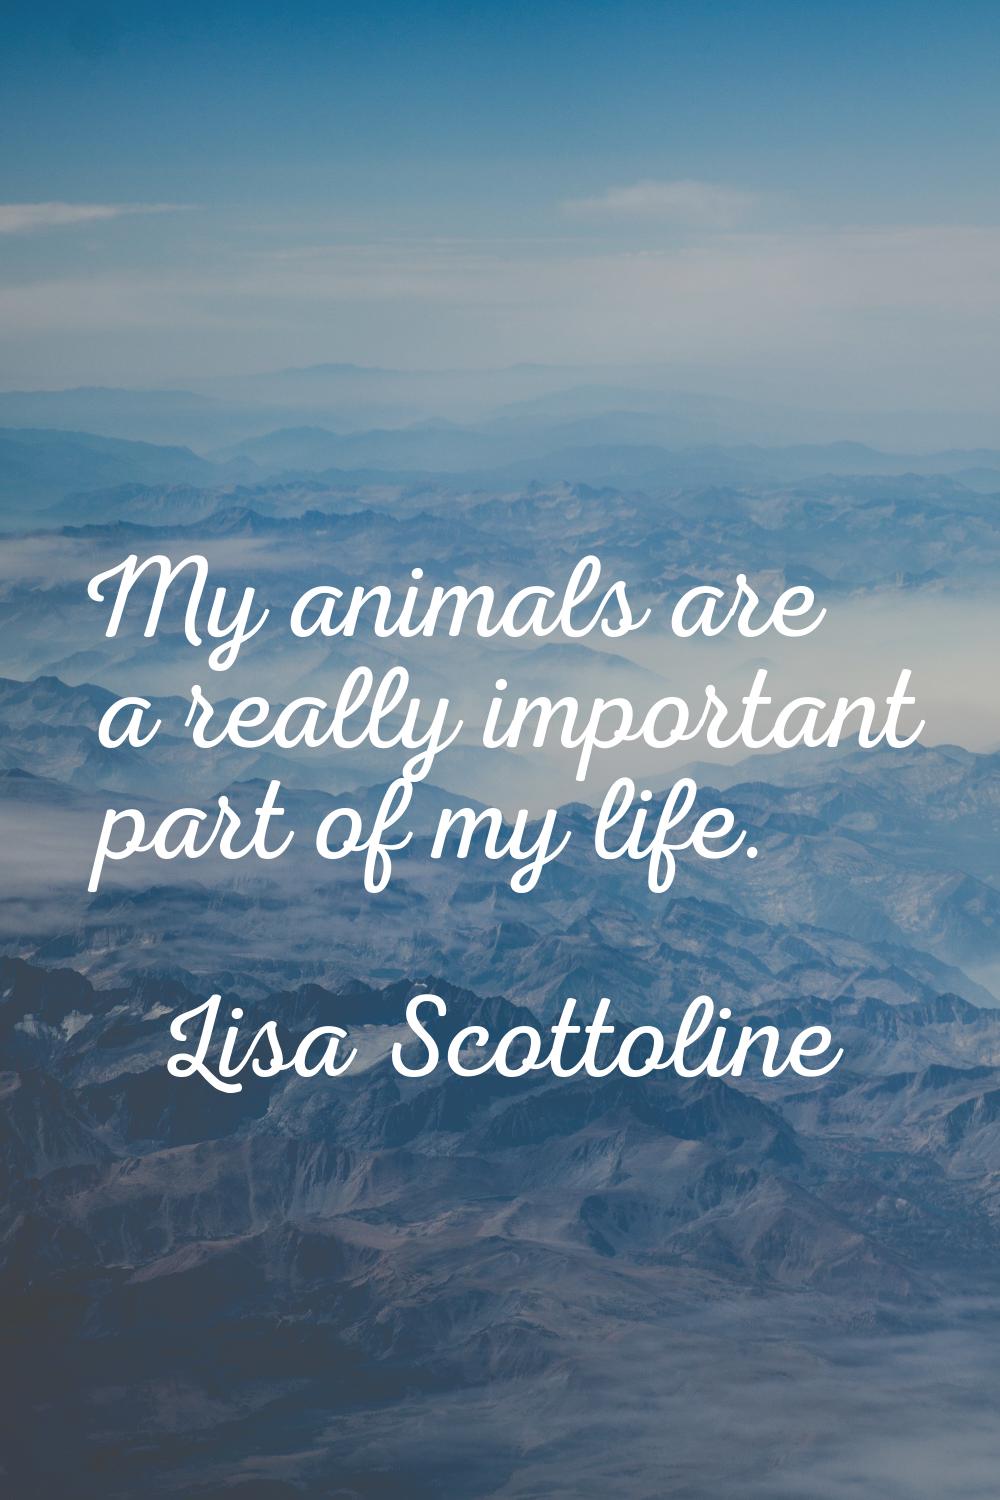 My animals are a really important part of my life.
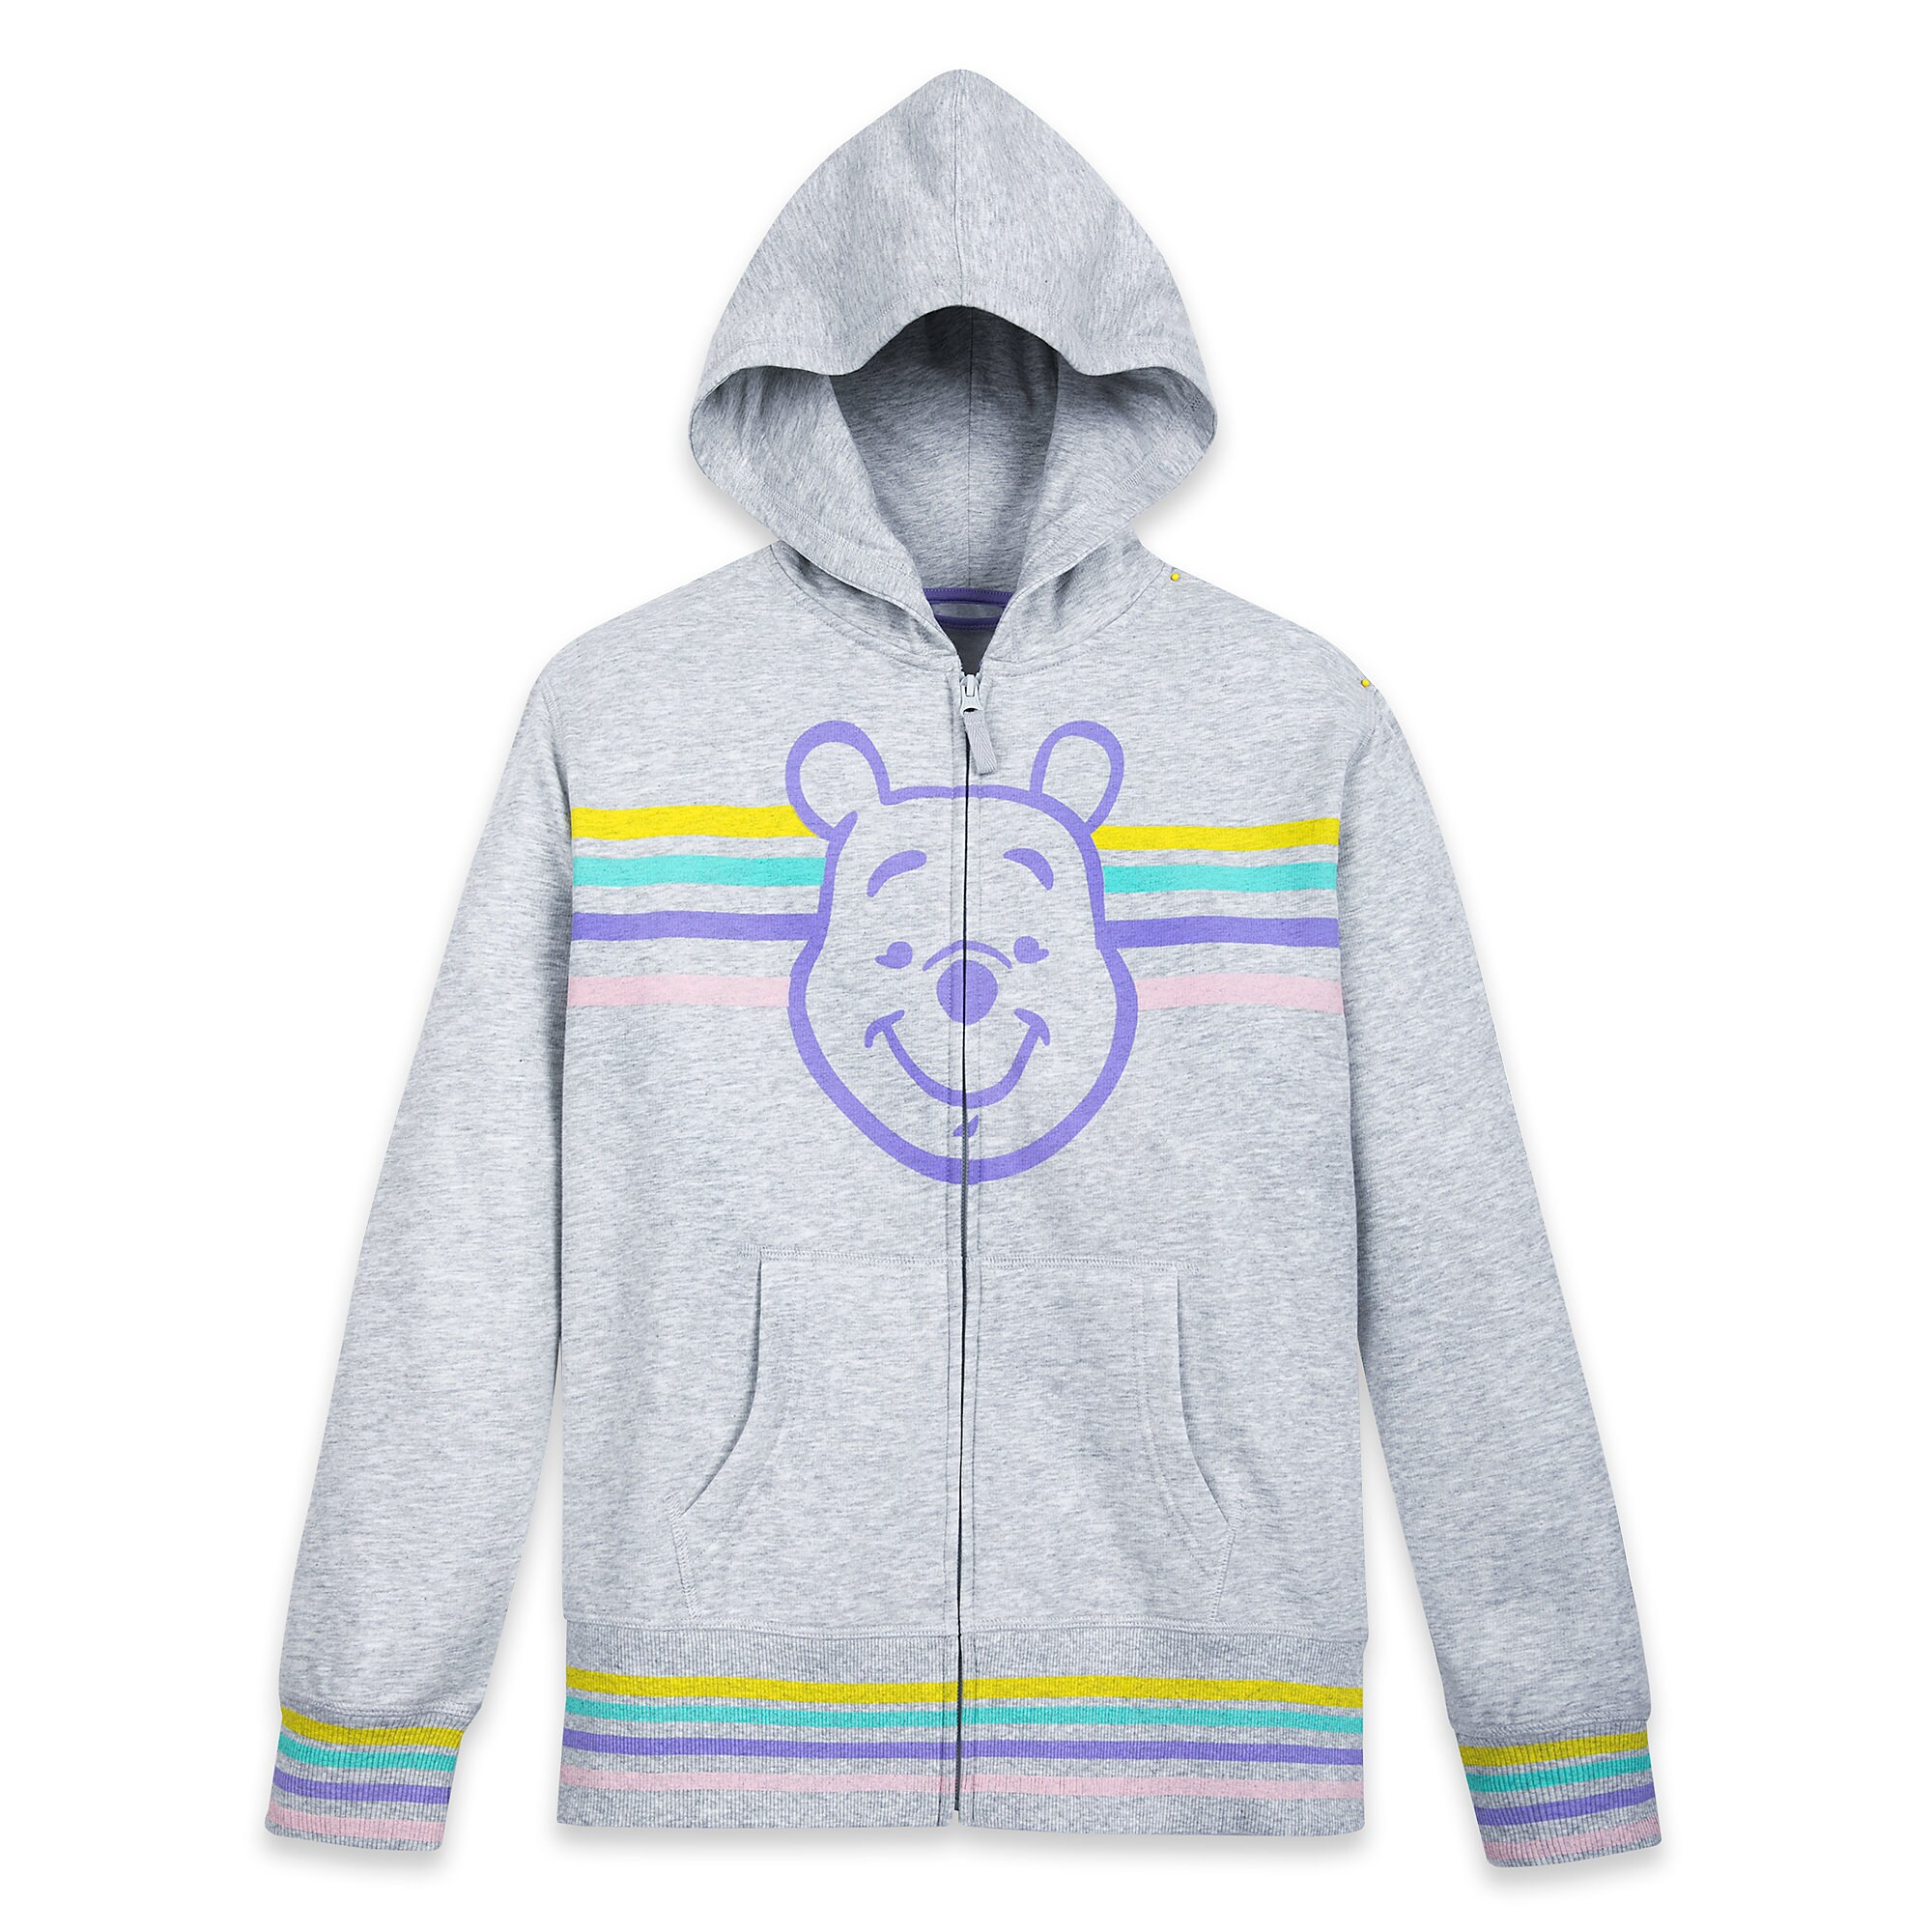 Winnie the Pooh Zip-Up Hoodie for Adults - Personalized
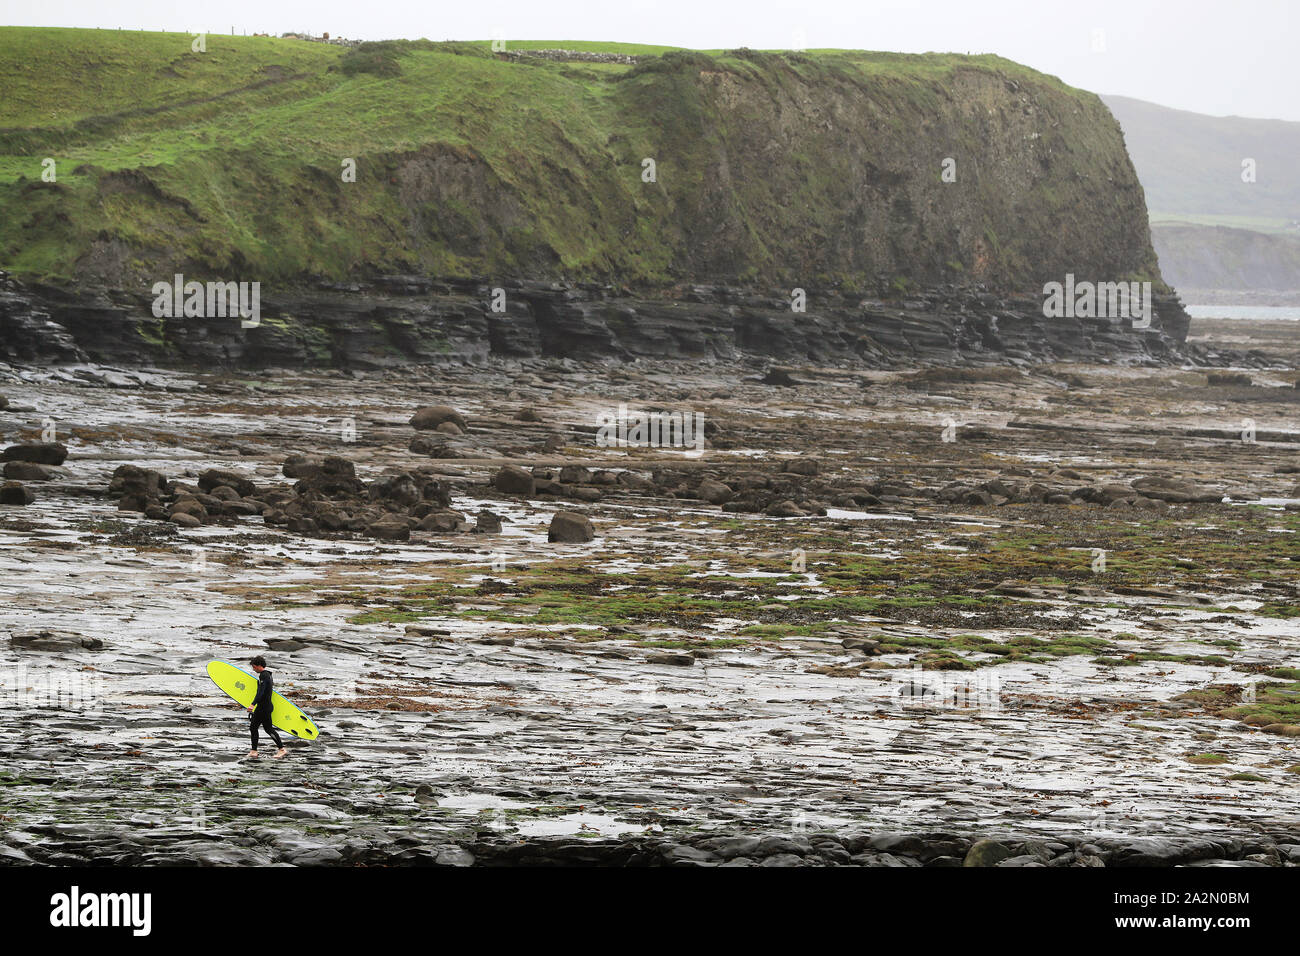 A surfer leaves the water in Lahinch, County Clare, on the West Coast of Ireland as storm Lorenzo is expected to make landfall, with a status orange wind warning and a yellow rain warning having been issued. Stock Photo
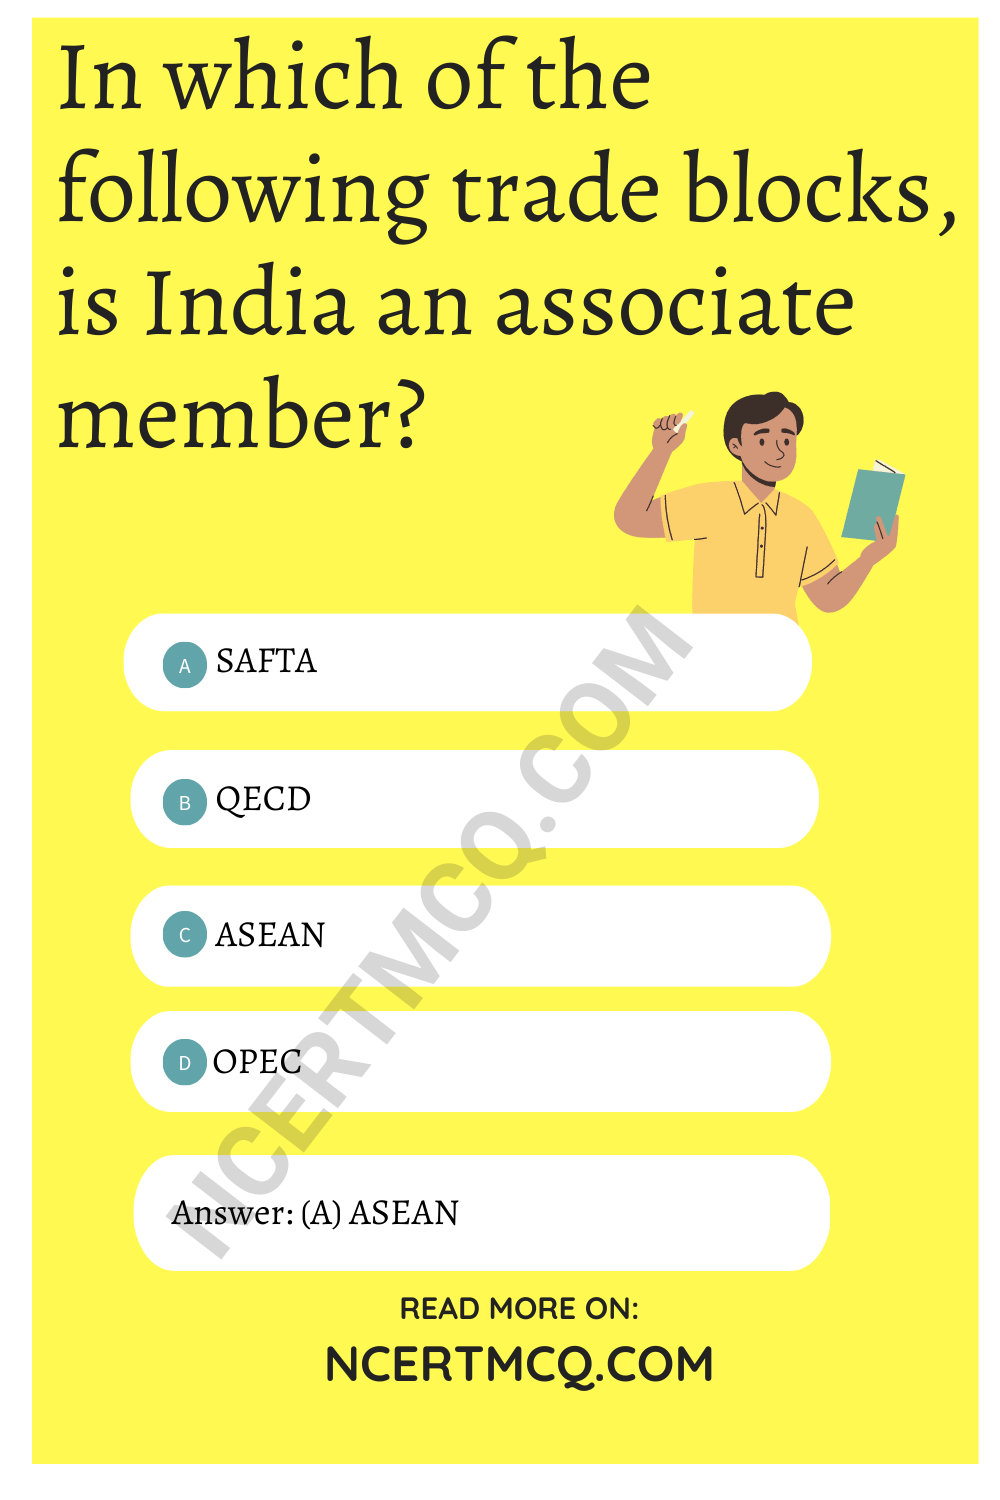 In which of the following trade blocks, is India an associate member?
────
Exercise instructions
Apart from the pictures, every line above must be repeated exactly.

Finished exercise
 My animals are a really important part of my life.
 Winnie the Pooh Zip-Up Hoodie for Adults - Personalized
 A surfer leaves the water in Lahinch, County Clare, on the West Coast of Ireland as storm Lorenzo is expected to make landfall, with a status orange wind warning and a yellow rain warning having been issued. Stock Photo
 In which of the following trade blocks, is India an associate member?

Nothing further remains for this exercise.